Sharing of Life: What are you most and least grateful for this week?
Facilitator reads focus statement: The first reading speaks of a mysterious suffering servant. In the gospel, Jesus presents us with a seventh lesson on discipleship, namely, servant leadership. The second reading is a beautiful statement about the humanity of Christ, which should give us confidence when we approach him.
Now read the readings, pausing briefly after each one.
FIRST READING: Isaiah 53:10-11
The opening words, "The Lord was pleased to crush him in infirmity", could leave us with a pretty cruel and nasty image of God. We need to remember that what pleased God was not the suffering of the servant; but rather the servant’s willingness to carry out his mission – even if it meant suffering and pain. God was pleased to use the servant’s suffering and sacrifice to bring good to many people – just as God used the suffering and death of people like Mahatma Gandhi and Martin Luther King Jr. to bring justice and liberation to many people. Or, just as God used the sacrifices of Mother Teresa to bring dignity to many who had lost their dignity.
RESPONSORIAL PSALM 33
This psalm might well have been on the lips of the Suffering Servant or Jesus himself during his passion. It is a prayer of trust from one who has pondered deeply God’s love and the promise to save God’s faithful ones. The assertion that the Lord will "deliver their soul from death" takes on new meaning in the context of these readings, which speak so graphically of the paschal mystery through which God offers deliverance.
SECOND READING: Hebrews 4:14-16
This reading contains a double exhortation to hold fast to faith and to approach the throne of grace with confidence. Jesus’ exalted state has not distanced him from us. On the contrary he knows our limitations. As a man he shared them with us. As an authentic human being he carries all of the members of the human race and their needs with him to the heavenly throne of God. The second exhortation has to do with our relationship with Christ and how that should give us great confidence to approach God’s throne boldly.
GOSPEL: Mark 10:35-45
This gospel is filled with misunderstandings, paradoxes and reversals. James and John seek places of prominence in Jesus’ kingdom and Jesus informs them that real prominence is found in service, not in wielding authority over others. The gospel shows how little the Apostles had come in their understanding of the nature of true discipleship. When they assert that they can drink from his cup and share in his baptism, they have no idea of the implications of their answer. The "cup" and "baptism" are references, of course, to Jesus’ suffering on the cross. For the disciple this baptism in time will involve the same daily dying of humble and selfless service – the lesson of discipleship being taught in today’s gospel. In the Kingdom that Jesus is inaugurating, true greatness will involve a willingness to be humble servants of others.
FAITH SHARING QUESTIONS
1. What verse, idea, or image spoke to you most in the readings? Why?
2. Do some of the stories or verses that you read in the Bible cause you to wonder if God is the loving person that we say he is? (See the opening words in today’s first reading.) How do you deal with verses that portray God as cruel and punishing?

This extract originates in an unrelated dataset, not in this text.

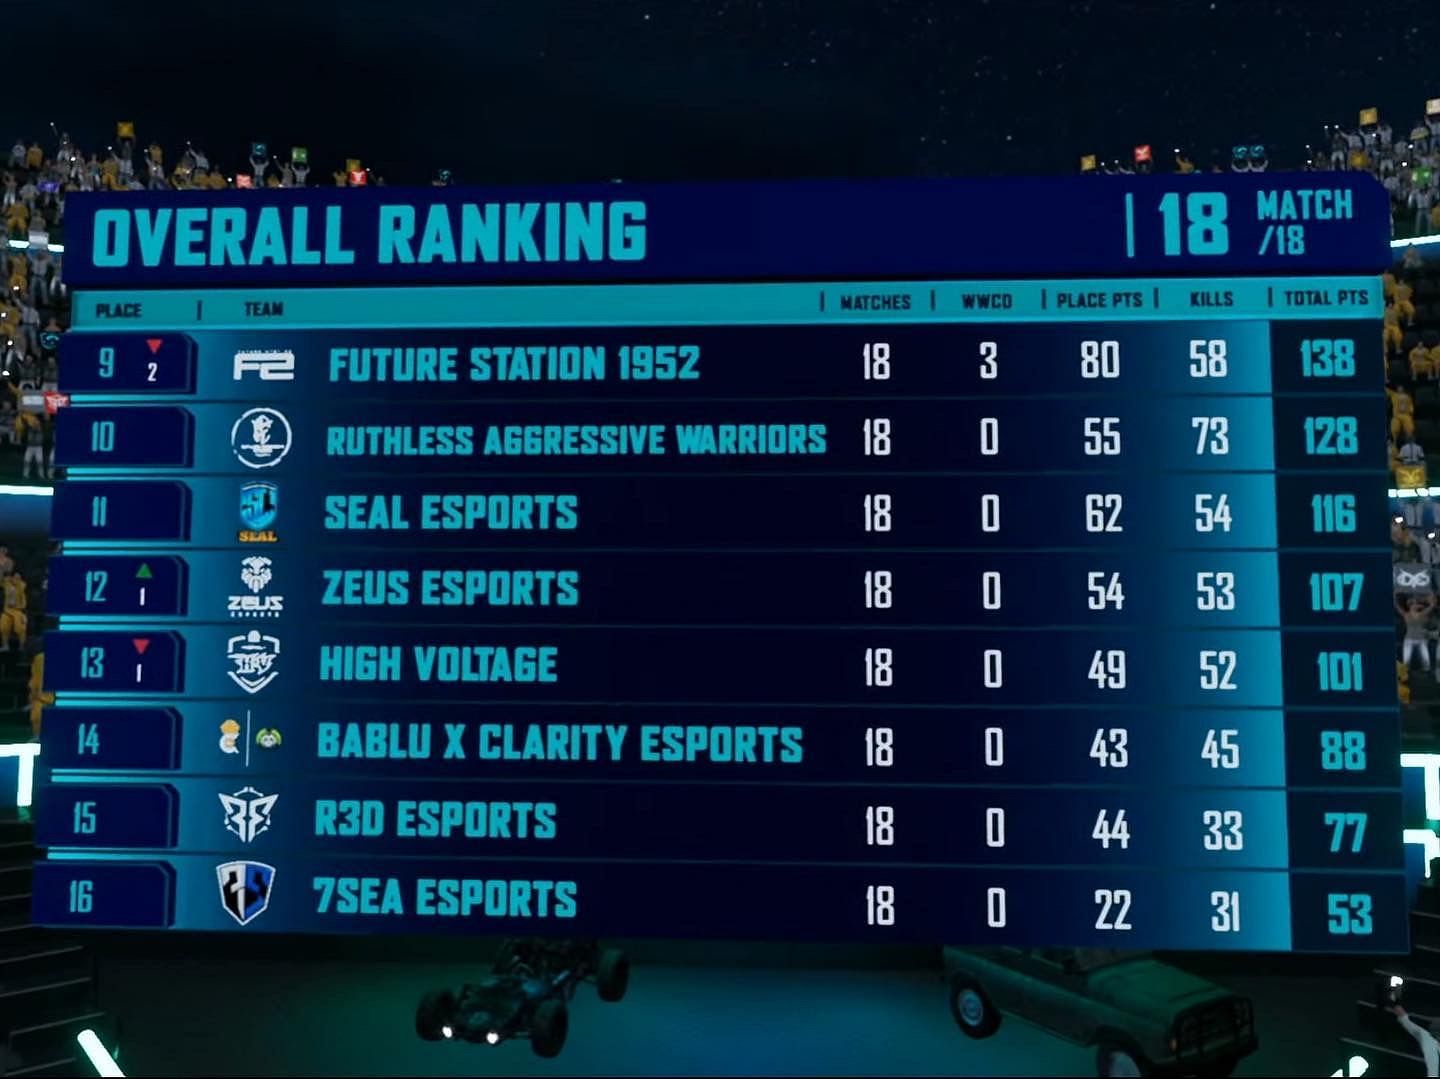 Overall standings of PMPL South Asia S4 Finals

3. Do you find it easy or hard to believe that Jesus "was tested in every way" that we are? How hard is it for us to believe that Jesus was fully human? What does this mean to you?
4. The world pushes us to climb the ladder of success and to be powerful. Christ tells us to be humble servants. The world tells us "great" people are those with prominent positions. Jesus tells us that great people are those who humbly serve others. How do you reconcile these opposites in your heart?
5. What are examples of ways we can try to "lord it over" others in our church family? Is being important, important to you? If not, how have you overcome this very human tendency?
RESPONDING TO THE WORD
Name one way you can act on or respond to today’s readings. Suggestions: In your family and community, seek to relate to others with a humble servant’s heart. Serve the needs of someone who is hurting or pray for people crushed by infirmity.